(PROBLEM STATEMENT): Return the listing verbatim, images left out.

##### DATA

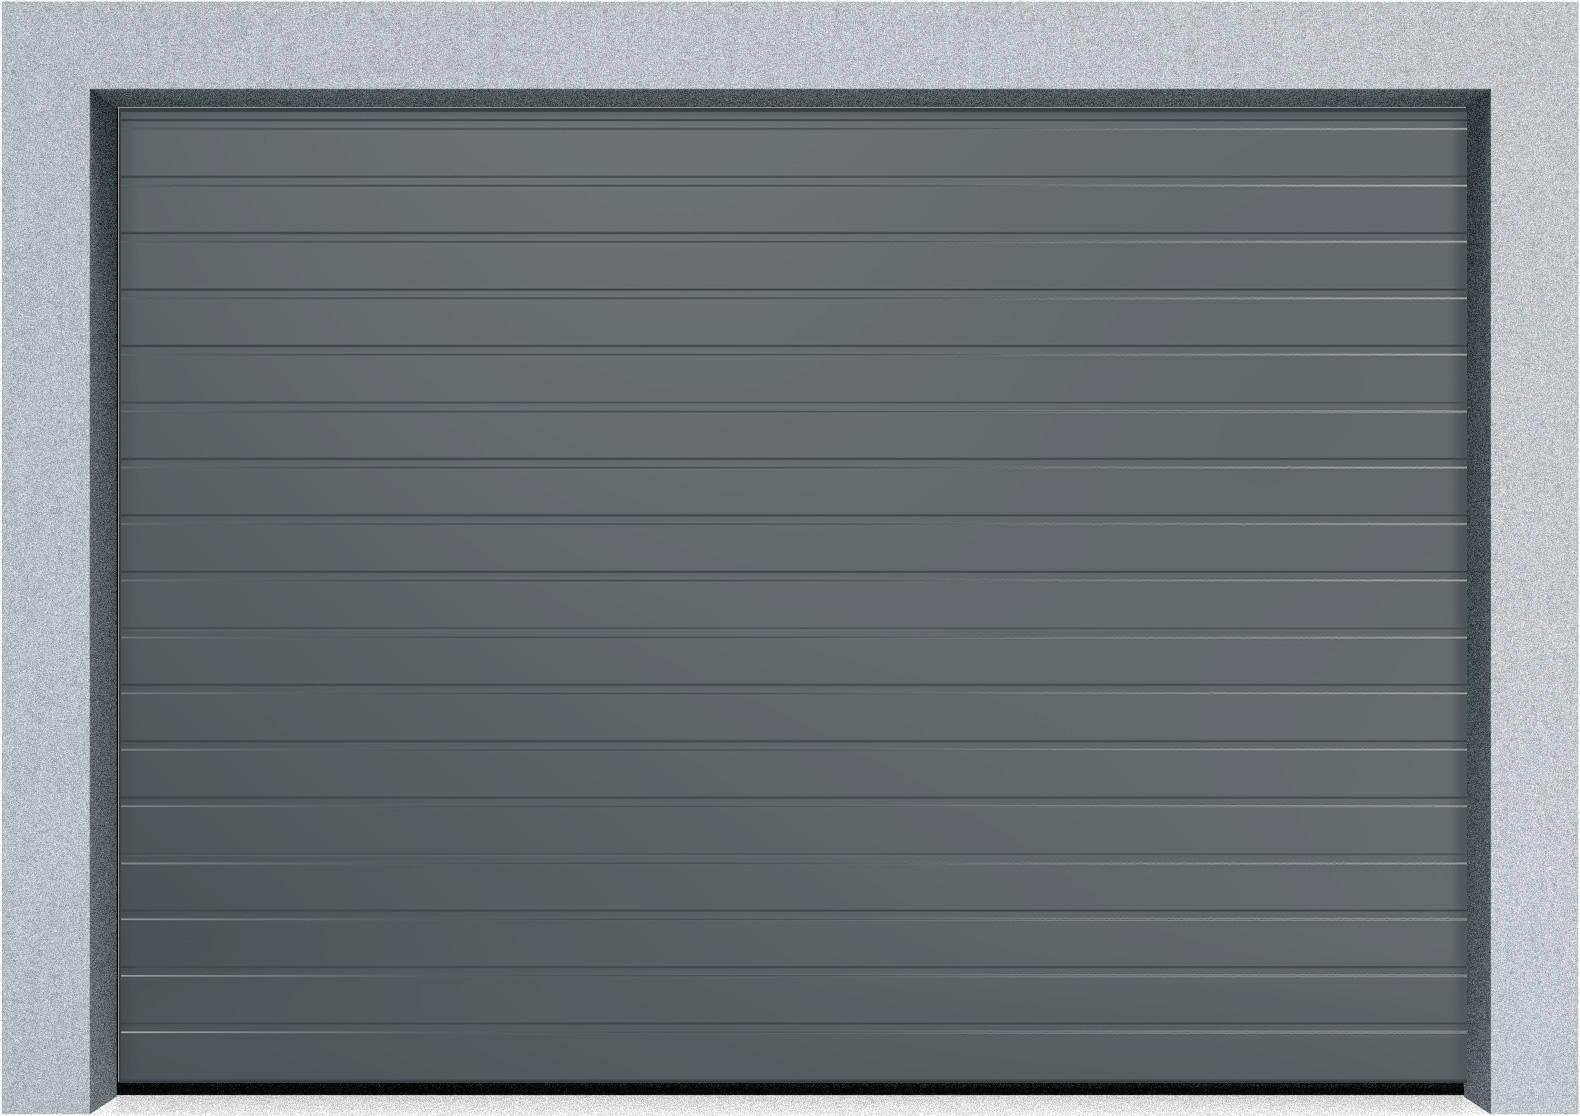 Секционные промышленные ворота Alutech ProTrend 2875х2375 S-гофр, Микроволна стандартные цвета, фото 9
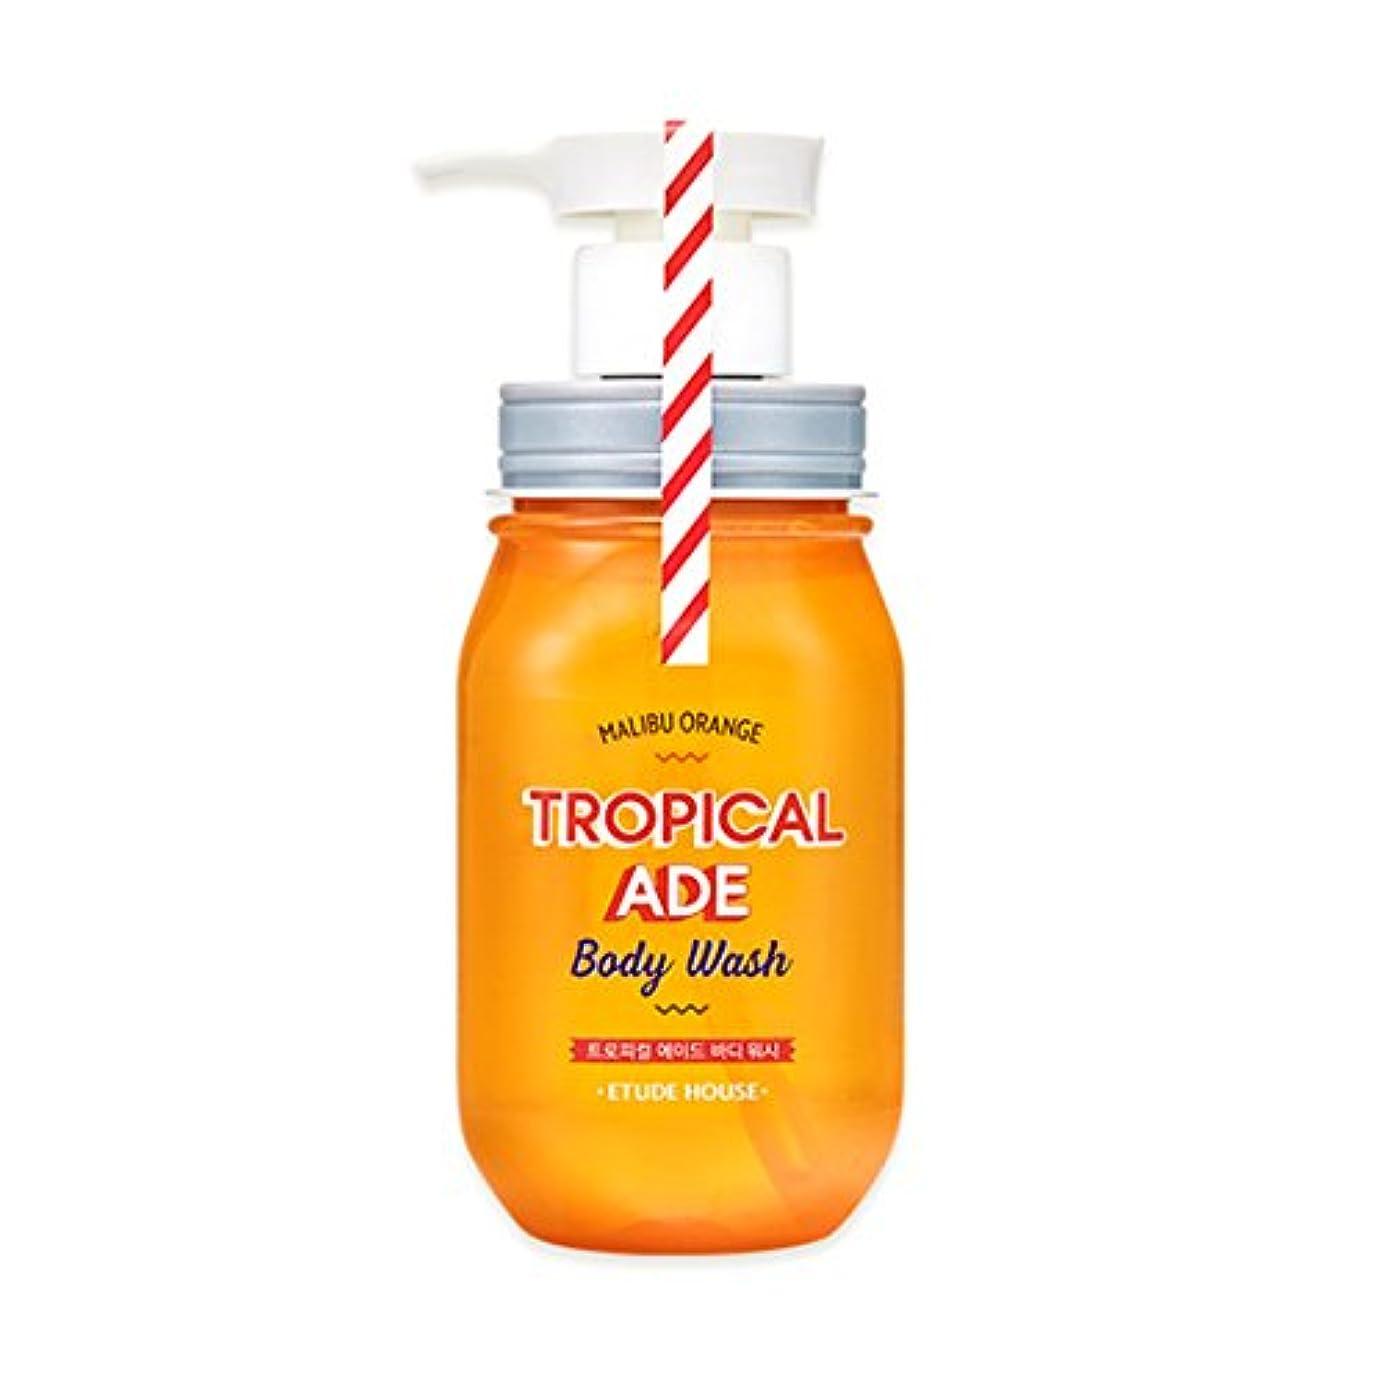 同僚スロベニア地理ETUDE HOUSE TROPICAL ADE Body Wash # Malibu Orange /エチュードハウス トロピカルエイドボディウォッシュ 300ml [並行輸入品]
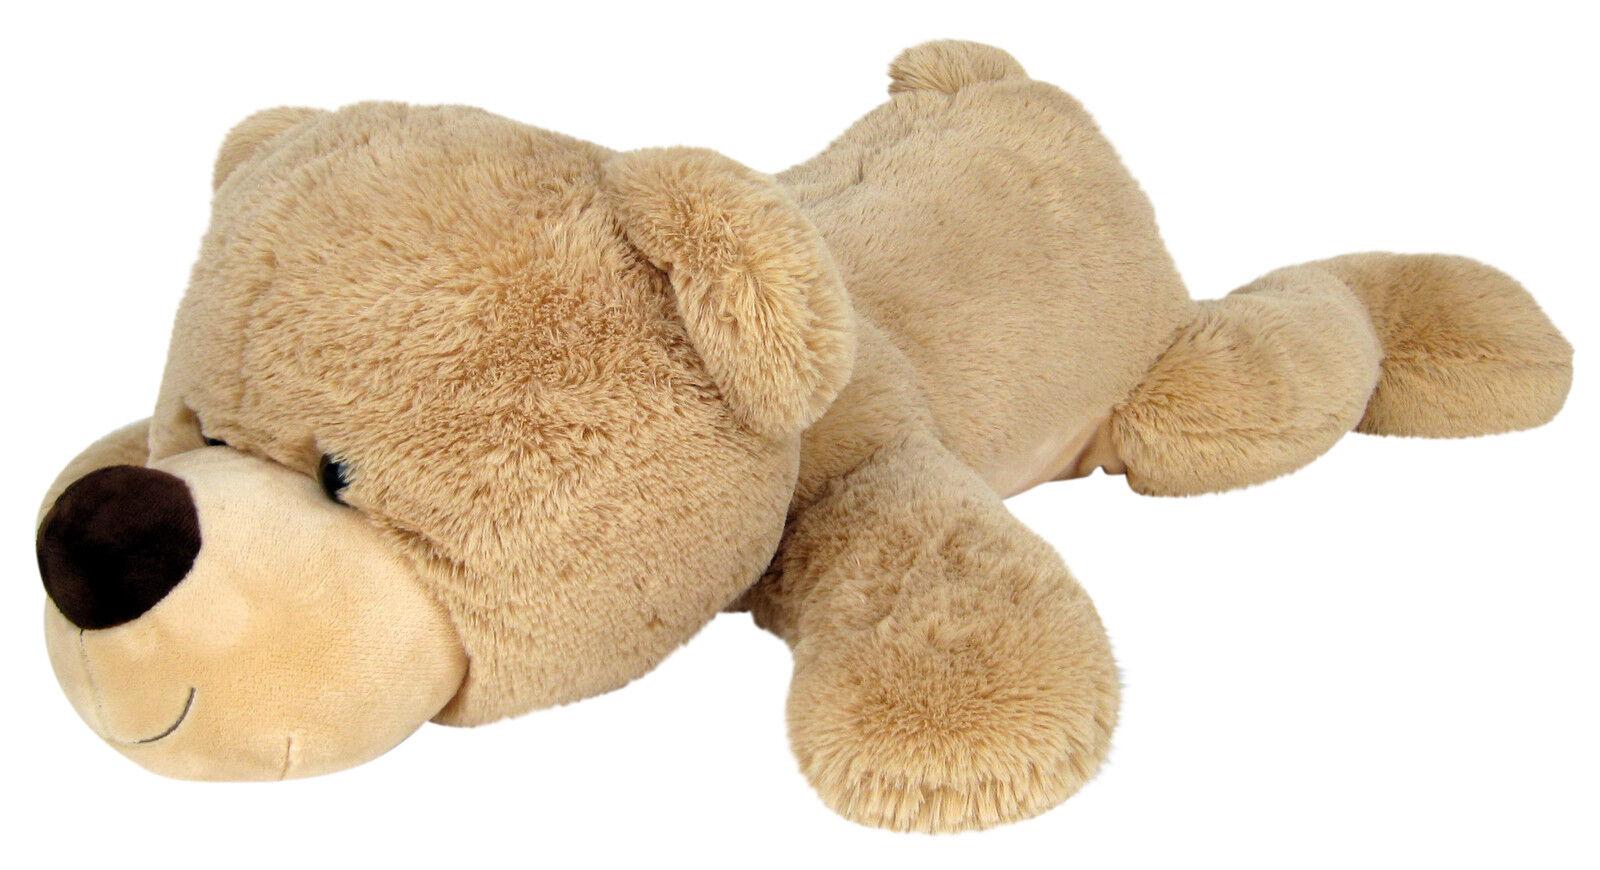 xxl riesen teddyb r 140 cm gross beige pl sch b r teddy stoffb r pl schtier b r eur 58 95. Black Bedroom Furniture Sets. Home Design Ideas

##########

(REPLY):
 Секционные промышленные ворота Alutech ProTrend 2875х2375 S-гофр, Микроволна стандартные цвета, фото 9
 同僚スロベニア地理ETUDE HOUSE TROPICAL ADE Body Wash # Malibu Orange /エチュードハウス トロピカルエイドボディウォッシュ 300ml [並行輸入品]
 xxl riesen teddyb r 140 cm gross beige pl sch b r teddy stoffb r pl schtier b r eur 58 95. Black Bedroom Furniture Sets. Home Design Ideas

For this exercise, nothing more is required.